Cases involving drug exposure are more prevalent in East Tennessee, according to the University of Tennessee study.

KNOXVILLE, Tenn. — A new study from the University of Tennessee finds that child abuse and neglect carry significant economic costs in addition to personal and social consequences. 

There's a one-in-eight chance that a Tennessee-born child will become a victim of abuse or neglect before adulthood, according to the study. 

The Economic Impact of Child Abuse and Neglect in Tennessee by the Boyd Center for Business and Economic Research in partnership with the Tennessee Commission on Children and Youth’s Second Look Commission, finds that the lifetime cost of child abuse is over $285,000 per case. Per year, child abuse costs the state between $3.33 and $4.97 billion, according to the study. 

This includes the cost of child mortality and premature adult mortality, decreased wages and workforce productivity in adulthood among survivors, increased medical costs both in childhood and adulthood, increased demands for special education, residential care costs of dependency and juvenile delinquency and the cost of criminality in adulthood, the study said. 

Efforts to prevent abuse and help victims recover will decrease these costs and yield a lifetime of benefits including greater labor force participation, improved population health, decreased rates of substance use disorders, lower incarceration rates, reduced demand for state services and greater life expectancy.

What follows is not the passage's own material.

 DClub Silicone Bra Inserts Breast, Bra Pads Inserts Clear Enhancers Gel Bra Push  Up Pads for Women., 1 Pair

“Economically, there is a strong case for additional resources being made available to help victims of child abuse and neglect receive therapy and recover,” said Matt Harris, Boyd Distinguished Professor of Health Economics and author of the study. “However, we must acknowledge that therapy and treatment will only partially offset the economic and personal harm done. Since the economic harm from child maltreatment manifests over the individual’s life, so would the benefits from therapy and treatment. Therefore these efforts would need to be viewed as a long-term endeavor from an economic perspective.”

The study divides mistreatment into four types—physical abuse, sexual abuse, drug exposure and neglect—and is categorized as severe or nonsevere. The study focuses only on first-time substantiated victims to prevent double-counting children who are victims in multiple years.

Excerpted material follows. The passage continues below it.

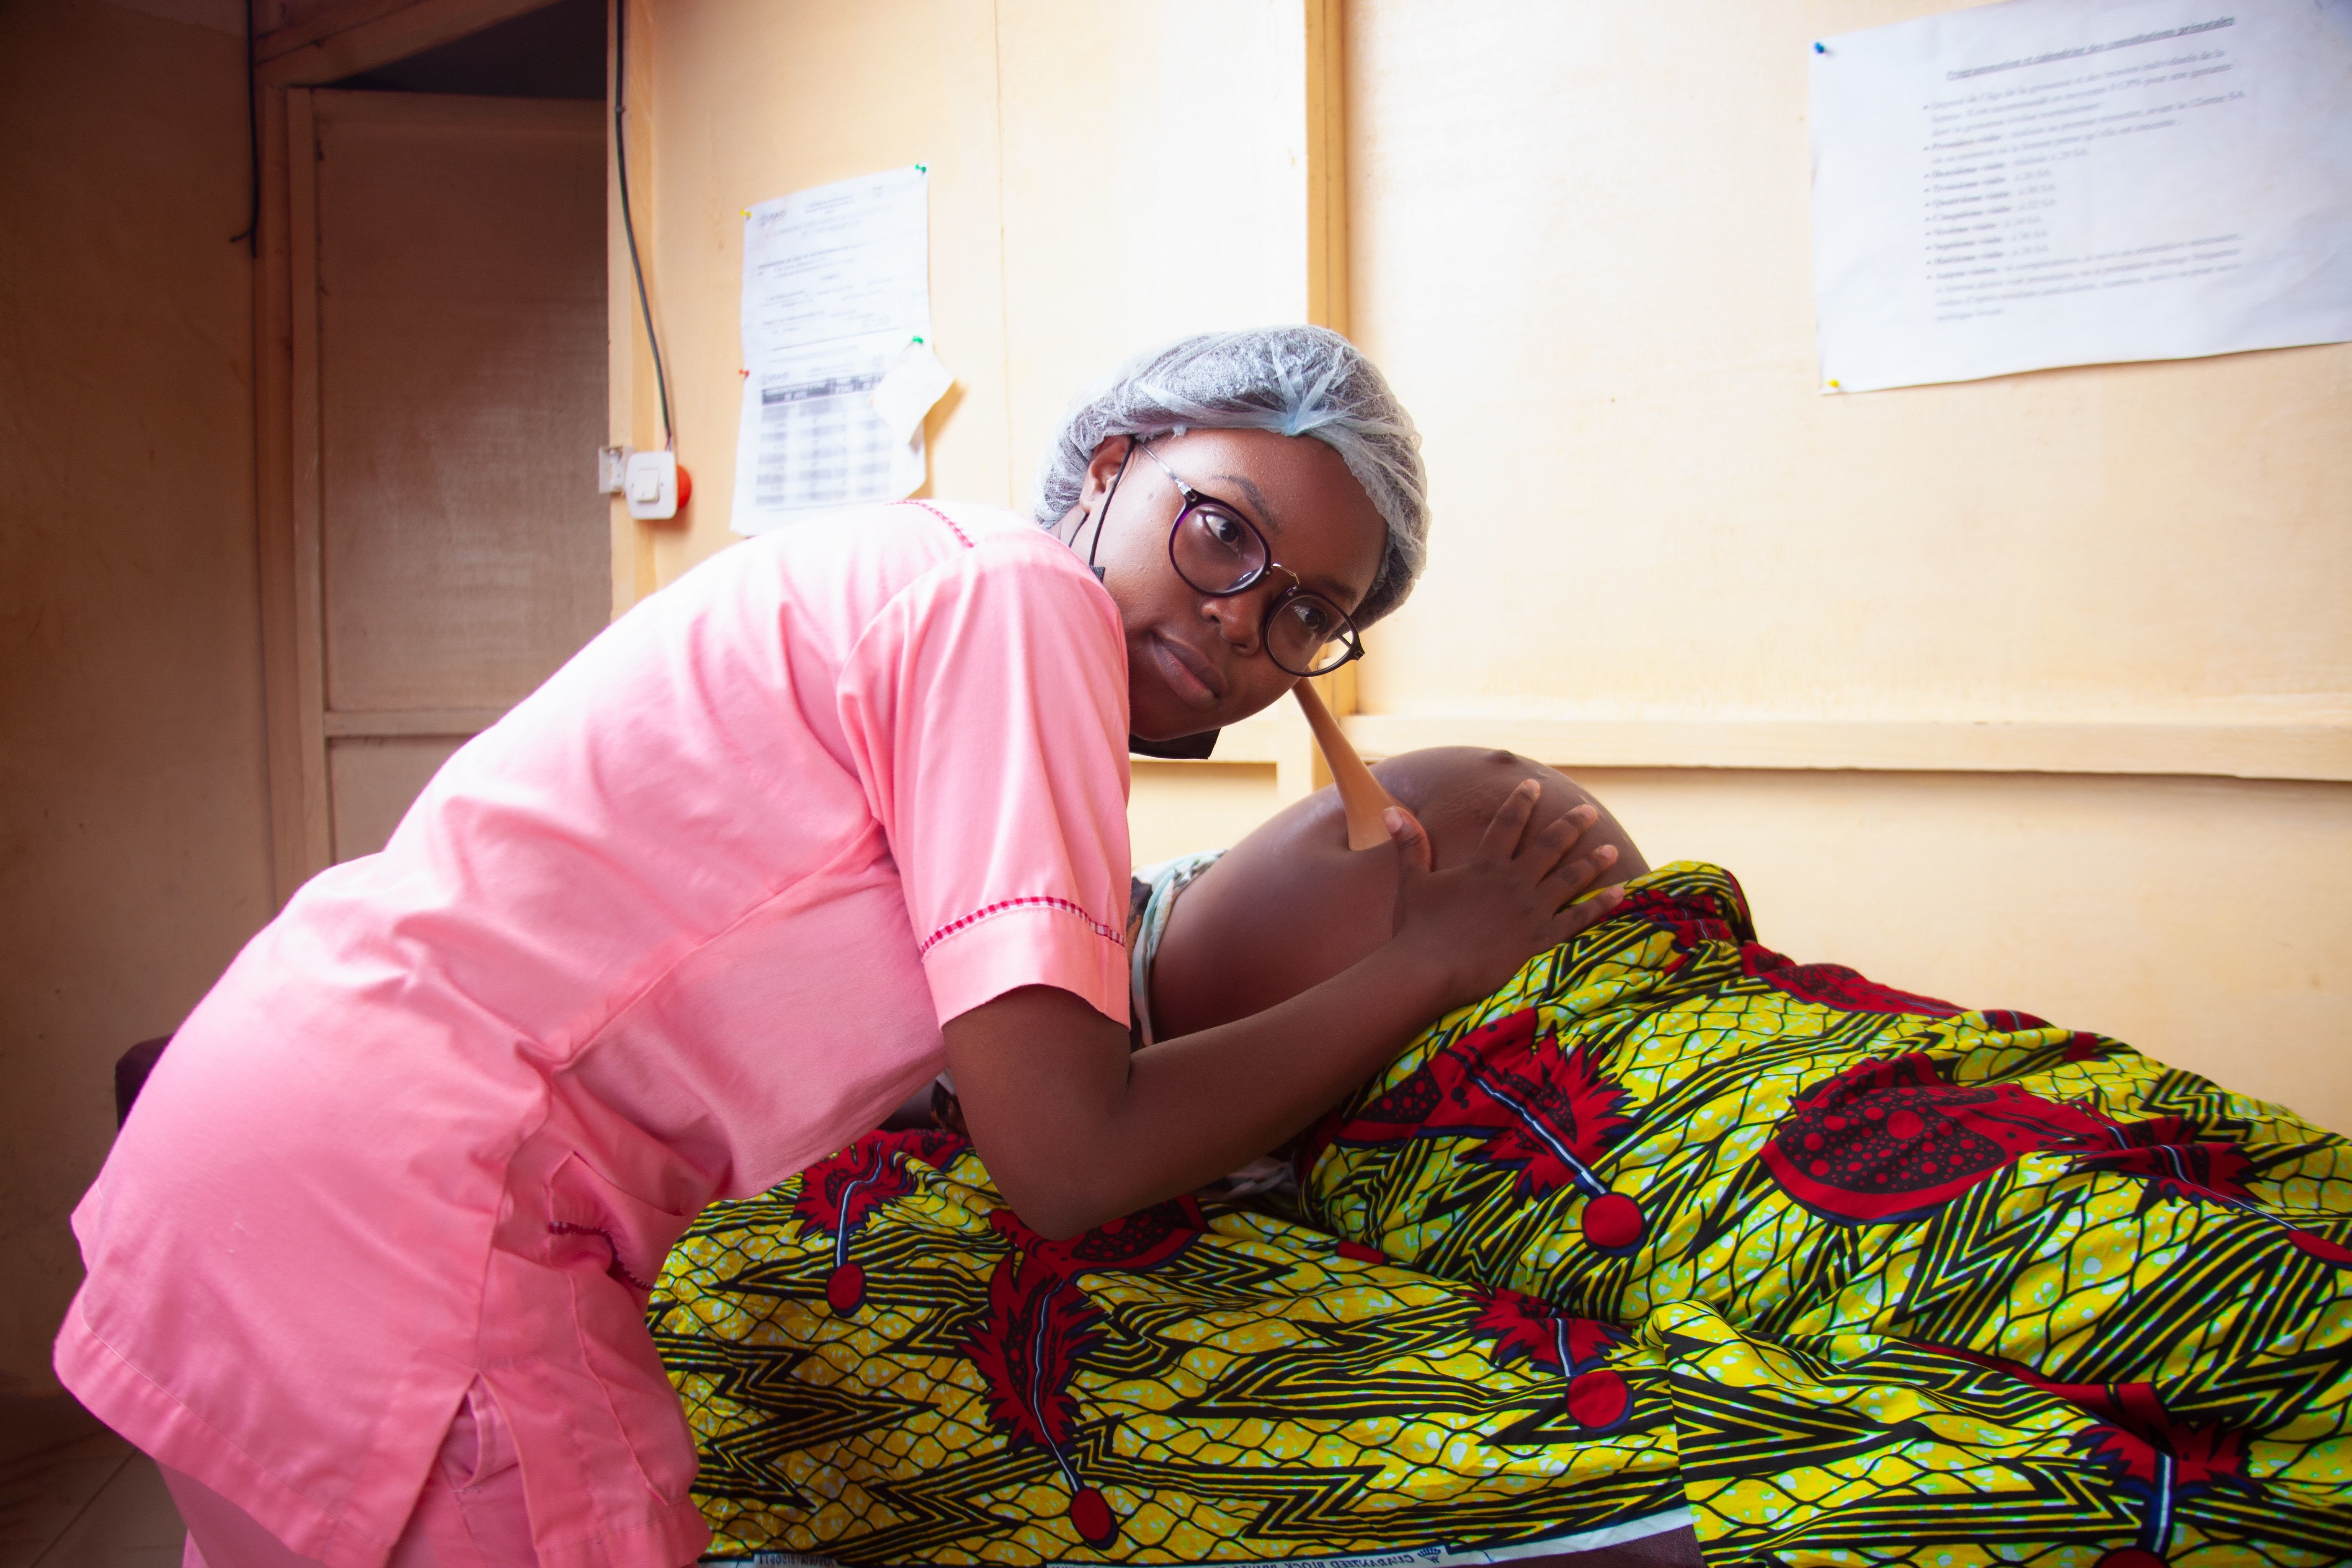 Midwives are critical in reducing deaths and improving maternal health worldwide.

The study also looks at substantiated cases of abuse by Tennessee counties. Half the state counties have over 1% of children becoming first-time victims of abuse each year. 

County-level data shows that the total number of victims and the number of victims suffering from severe abuse are higher in more rural counties. Cases involving drug exposure are more prevalent in East Tennessee, while physical abuse is higher in Middle and West Tennessee. Known cases of sexual abuse tend to be higher in rural counties and in border counties—raising concern about human trafficking in Tennessee.

Although DCS receives $1.35 billion in funding from state and federal funding and other sources, most of that money goes toward crisis management, residential placements and foster care, according to the study. 

The study says there were 163,465 reports of abuse to Child Protective Services in 2022 and 70,718 cases or assessments were opened based on those initial reports. The CPS budget allows for 832 case managers, but state law allows only 20 open cases per case manager at a time.

Budgetary constraints and the difficulty of detecting child abuse in many cases mean that the number of substantiated cases does not capture the full scope of the problem. 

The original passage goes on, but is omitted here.